Amerika, yeni dünyaların keşfedilmesi ve gelişmelerin yönlendirilmesi anlamında önderliğini sürdürmekte, uzaylılara olumlu gözle bakmaktadır (1998:120). Ancak bilimadamı, bir uzay yolculuğu yapmasının ardından, başka uygarlıkların temsilcileri yerine ölmüş babasıyla karşılaşır.

Dark City (1998) (Gizemli Şehir) adlı yapımda uzaylılar, insanlardan daha gelişkin bir ırk olarak karşımıza çıkar. Yabancılar, kendi dünyalarında ölmek üzere olduklarından, bizim dünyamızda hayatlarına devam etmeye çalışır. İnsanüstü güçlere sahip yabancılar, Beden Kemiricilerin İstilası filmindeki yabancıları andırır. Yabancılar, insanları tutsak ederek, onların belleklerini kendilerininkiyle değiştirmeye çalışır, böylece hayatlarına yeni bir bedende devam edebileceklerdir.

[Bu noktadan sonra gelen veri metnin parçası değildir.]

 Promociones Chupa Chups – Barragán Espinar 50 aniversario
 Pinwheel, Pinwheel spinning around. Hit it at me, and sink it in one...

Gizemli Şehir, insanı insan yapan özelliklerden birinin belleği olduğunu; insanın bugününü ve geleceğini belirleyenin, geçmişi olduğunu ileri süren filmlerden biridir (Enders, 1999; Erdem 1999).

İkibinli yıllara kadar üretilen bilim kurgu filmlerinde uzaylı yabancılar, bir önceki temsilcilerinin tekrarları şeklinde ele alınır. Artık alışık olunan uzaylıların varlıkları izleyiciyi şaşırtma, büyüleme gibi bir etkiye sahip değildir. Sayısal görsel etkiler yardımıyla, yeni görüntü üretme teknolojileriyle görselleştirilen yabancılar, sanal dünyanın içerisinde varolabilme gerçeğini gösterir. İzleyicide hayranlık uyandıran etki ise, yeni olan bir görsel etkinin kullanılmasından kaynaklıdır. Bilgisayar oyunlarından, hatta günümüzde reklamlardan dahi alışık olduğumuz yaratık simulationları, sunuldukları uzamda gerçekmiş gibi algılatılmaya çalışılmaktadır.

Günümüzde sadece bilgisayar kullanılarak üretilen filmler yapılmaktadır. Oyuncuya, alıcıya gereksinim duymadan yapılabilen filmlerde her türlü sanal dünya canlısı yaşayabilir olmuştur.